DocumentTranslation

The Document Translation tool translates documents in your local storage using the Microsoft Azure Translator service. It can translate Office documents (Word, Excel, PowerPoint), HTML documents, PDF documents, Outlook Messages, Markdown, MHTML, plain text, RTF and XLIFF files.

It comes in a Windows UI and a command line interface. The command line interface runs MacOS and Windows, or any system that a .Net 6 runtime is available for. Tested only on Windows and Mac.


Content

Running on Windows

Command Line Interface

Running on Mac OS X


Running on Windows

Install

Run the latest DocumentTranslation.Setup.msi from Github releases. It will install the document translation tool on your Windows computer.

Minimum requirements

How to obtain the service credentials

If you prefer to not maintain the acess secrets on your computer, or if your organization manages the Azure account for you, you may use Azure Key Vault to manage the credentials.

Azure Key Vault

If your organization manages the Azure subscription for you, ask your Azure administrator for the name of the Azure Key Vault. Enter the URI of the Azure Key Vault in the Settings page. You don’t have to enter any other settings in this case. If you are an Azure administrator, see here how to set up Azure Key Vault.
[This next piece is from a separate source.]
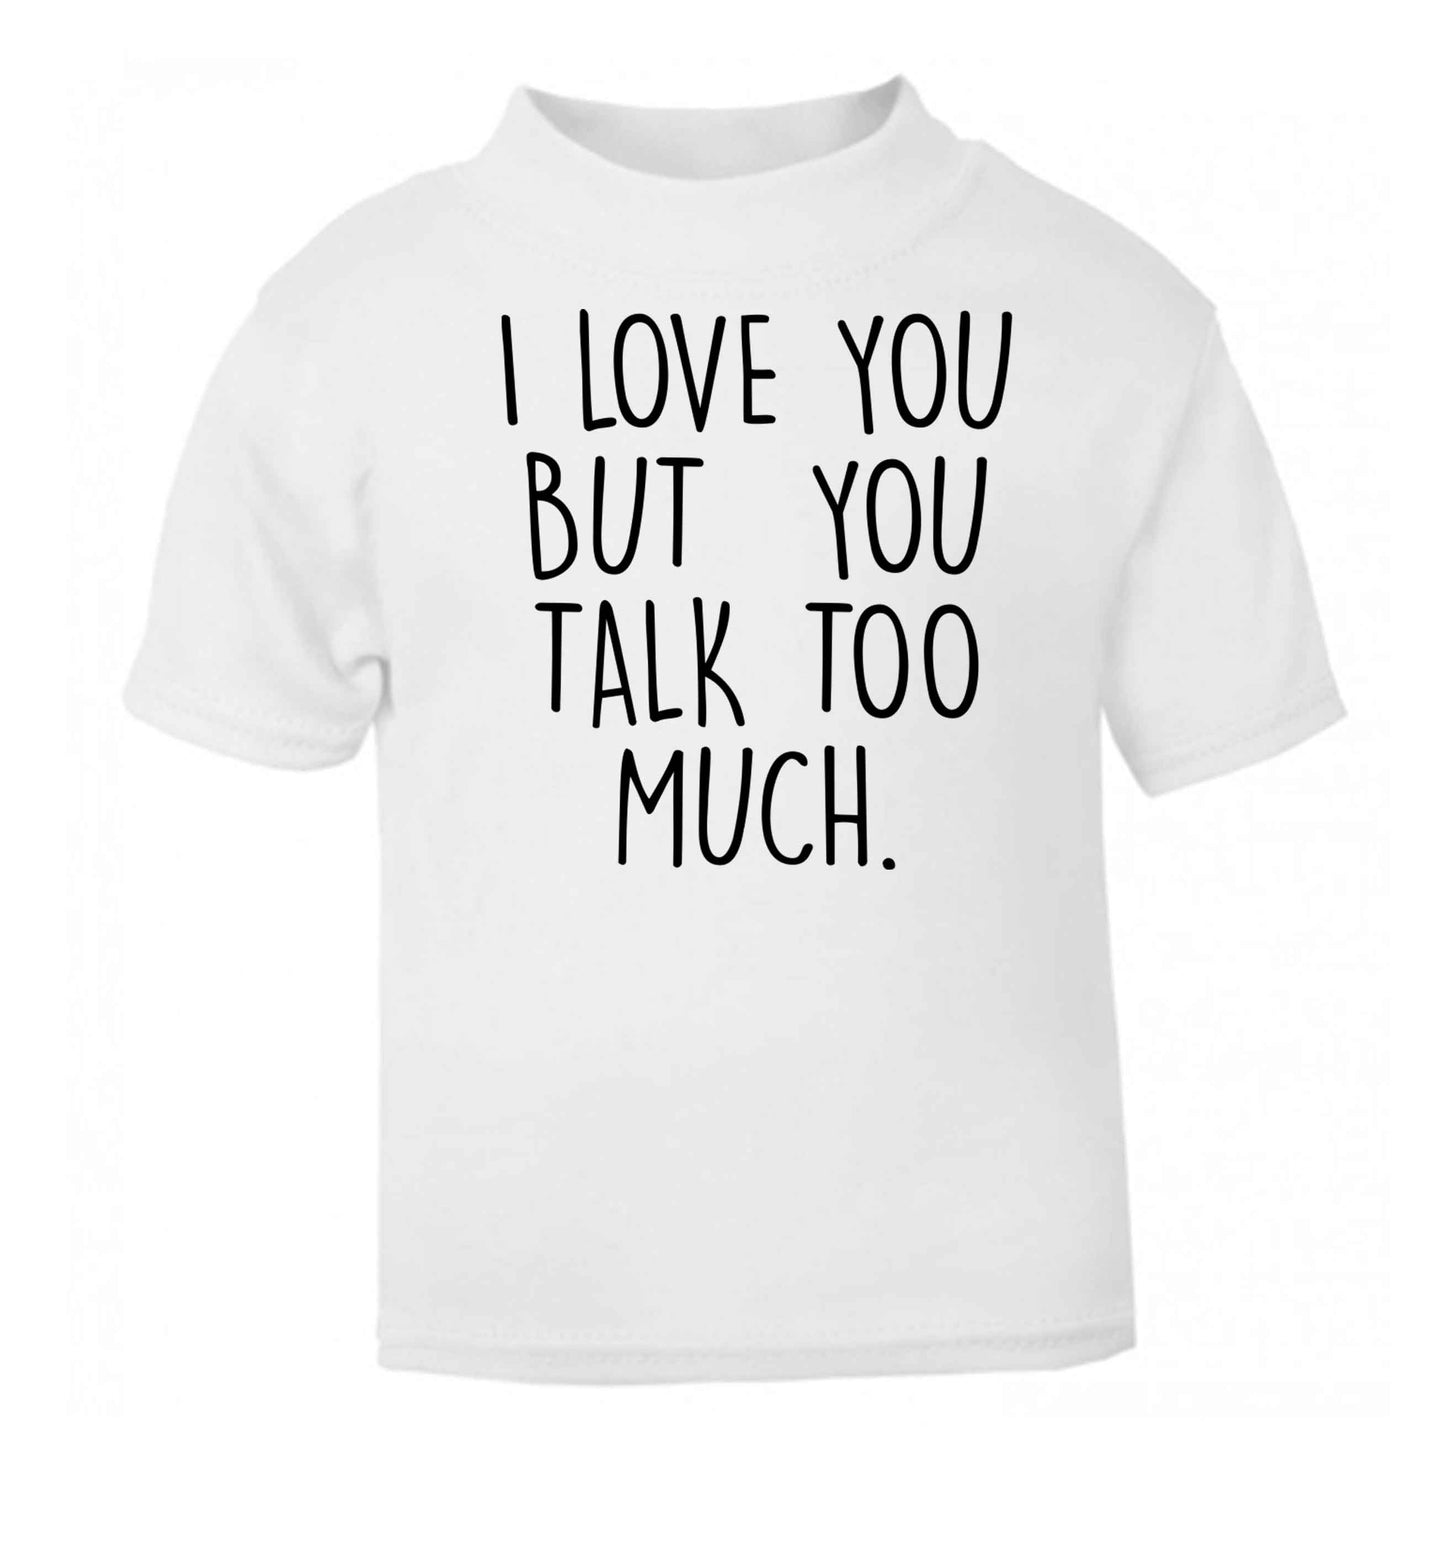 I love you but you talk too much white baby toddler Tshirt 2 Years

If a Key Vault URI is specified, your browser will open and ask you to log in. If a Key Vault URI is specified, the other entries on this Settings page have no effect.

Translator resource key and endpoints

You can use an existing paid Azure Translator resource. Document translation will not work with a free Translator resource. If you don’t have a Translator resource, create one:


Translator Account

Make sure you pick a pricing tier of S1 or higher.

Visit the properties of your Translator resource.


Translator Key and Name


Copy the Key to the “Resource Key” field in the Settings/Authentication tab.

Copy the Text Translation endpoint to the “Text Translation Endpoint” field in the Settings/Authentication tab.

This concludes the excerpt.